Il Messaggero (M. Ferretti) – Reduce dalla vittoria casalinga contro l’Udinese, reti di Batistuta e Totti (che s’era permesso addirittura il lusso di tirare sul palo un calcio di rigore), la sera del 17 dicembre del 2000 la Roma va a giocare e a vincere (0-1) in casa della Lazio campione d’Italia. Era una Roma, quella del presidente Franco Sensi e dell’allenatore Fabio Capello, costruita per scucire lo scudetto dalle maglie biancocelesti e che, per questo, in estate aveva speso un sacco di soldi sul mercato, arrivando a prendere Gabriel Batistuta dalla Fiorentina. Una Roma che, nelle prime dieci giornate, aveva collezionato 25 punti, che le avevano garantito il primo posto in classifica. Con un vantaggio di sei punti sulla Juventus e sette sulla Lazio di Sven Goran Eriksson. «Eravamo un gruppo forte e affiatato», ricorda oggi Vincent Candela, uno degli undici titolari schierati in quel derby da Capello. «La Roma aveva idee chiare e da una partita delicata come il derby voleva trarre ulteriori certezze della propria forza. Noi eravamo convinti di poter recitare un ruolo da leader in campionato, ma ci serviva una vittoria importante per andare avanti con fiducia».

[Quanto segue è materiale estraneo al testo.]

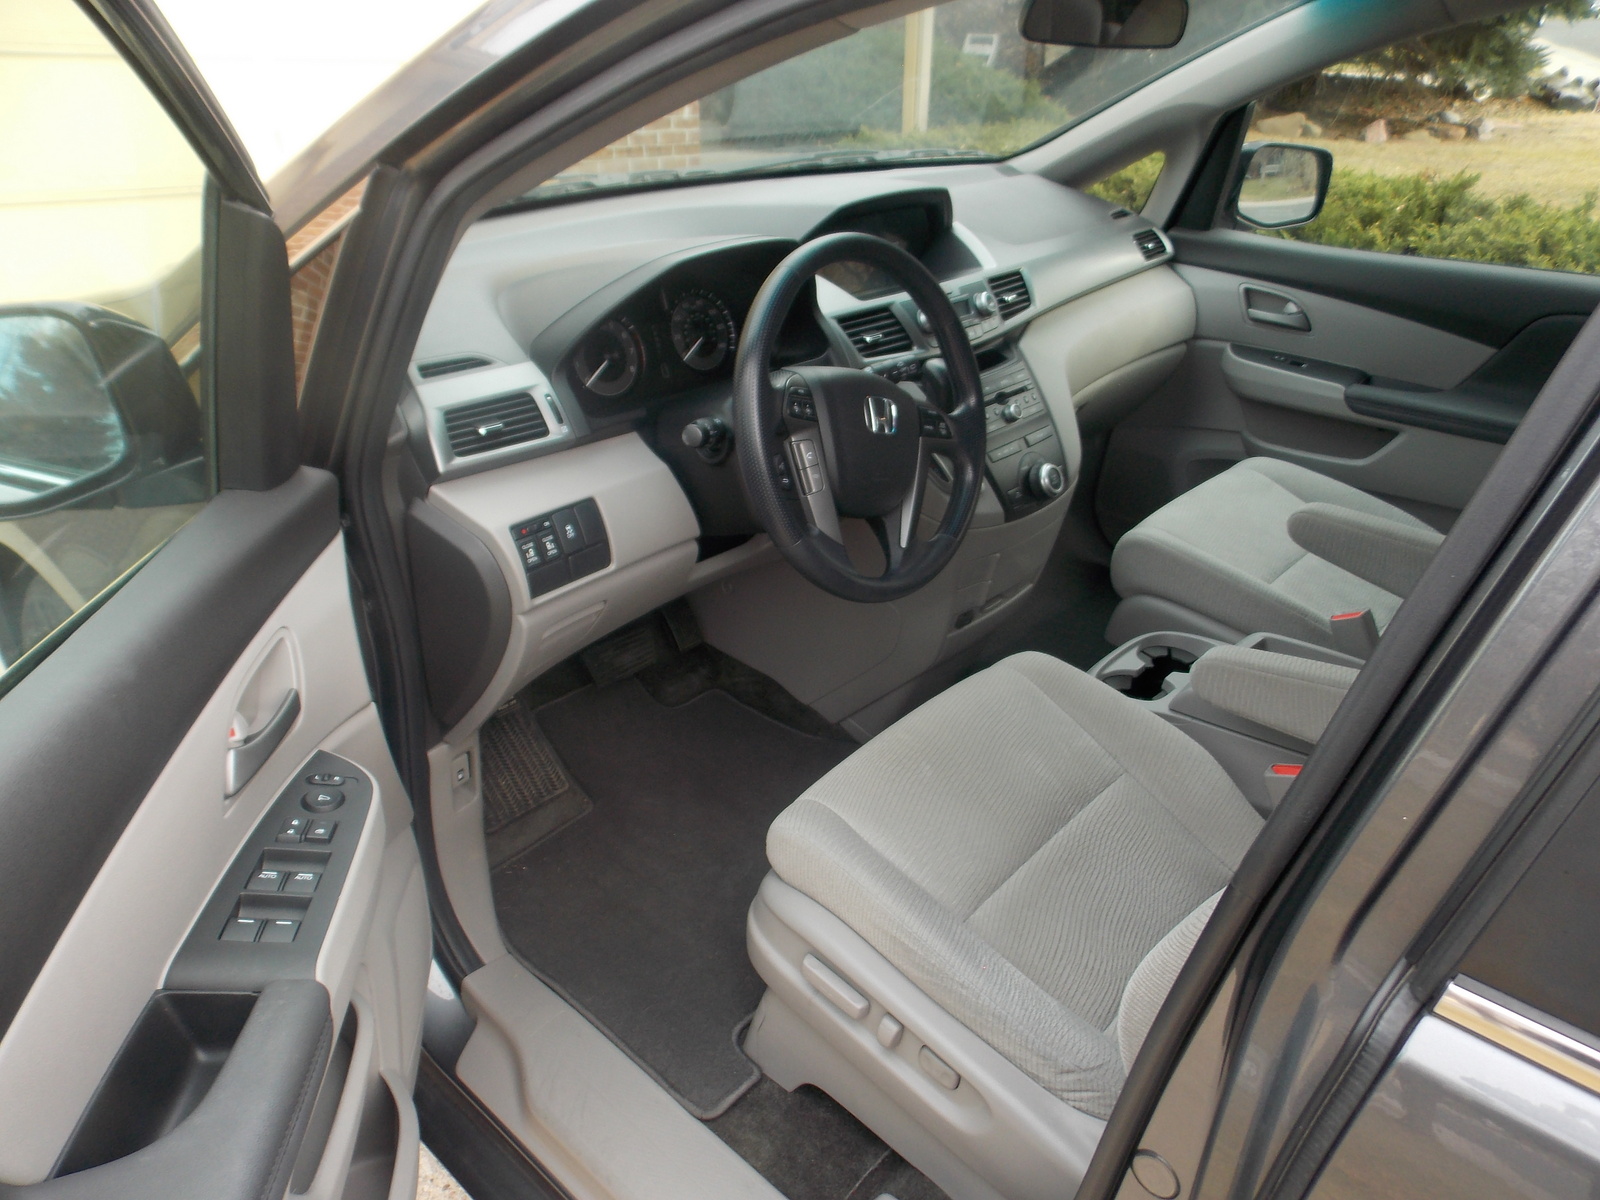 2012 Honda Odyssey - Review - CarGurus

«DUE SQUADRE DI CAMPIONI» – Candela non si fa pregare per riempire di elogi gli avversari. «La Lazio in quel periodo aveva giocatori straordinari e, non a caso, l’anno precedente aveva vinto lo scudetto. Noi della Roma, però, ricordando anche il successo nel derby del girone d’andata del campionato precedente, doppiette di Montella e Delvecchio, un derby durato mezzora, “sentivamo” di poter vincere la partita. Che fu molto combattuta, equilibrata fin quando…».Vincent si ferma. Prende un attimo fiato, poi riparte. «Fin quando Paolo Negro non segnò l’autorete. Negro uno di noi, ricordate gli sfottò dei tifosi? Sei anni dopo io ho giocato a Siena insieme a Paolo, bravissimo ragazzo e tifosissimo della Lazio, e quando volevo farlo arrabbiare gli canticchiavo il motivetto: “Uno di noi, Negro uno di noi…”. Lui rosicava, ovviamente. Come non capirlo? Fare un autogol in un derby che a fine campionato sarebbe risultato decisivo per il nostro scudetto deve essere stata una cosa veramente atroce».
«AH, VINCENZINO…» – Derby indimenticabile, dice Candela, ormai cittadino romano. Non dice, però, che quella del 17 dicembre del 2000 è la sua stracittadina preferita. Nella sua hit parade ci sono altre sfide. «In testa a tutti, metto il derby del 5-1, con i quattro gol di Montella. E subito dopo quello che ho citato prima, 4-1 con partita chiusa dopo mezzora. In ogni caso, erano davvero altri tempi, altro calcio, altri derby… Quello di lunedì sarà determinante per la classifica finale, non soltanto per il primato cittadino, ma ho la sensazione che con il passare degli anni si sia un po’ perso il sapore dei derby di una volta. Quando ancora si poteva giocare la sera, quando l’Olimpico era pieno pieno di tifosi e, se permettete, quando in campo – da una parte e dall’altra – c’erano un sacco di campioni. Visto che lunedì la Roma giocherà in trasferta come quel 17 dicembre, spero che il risultato sarà lo stesso. Vi do la mia parola che mi andrebbe bene vincere anche senza un autogol. Certo, se…».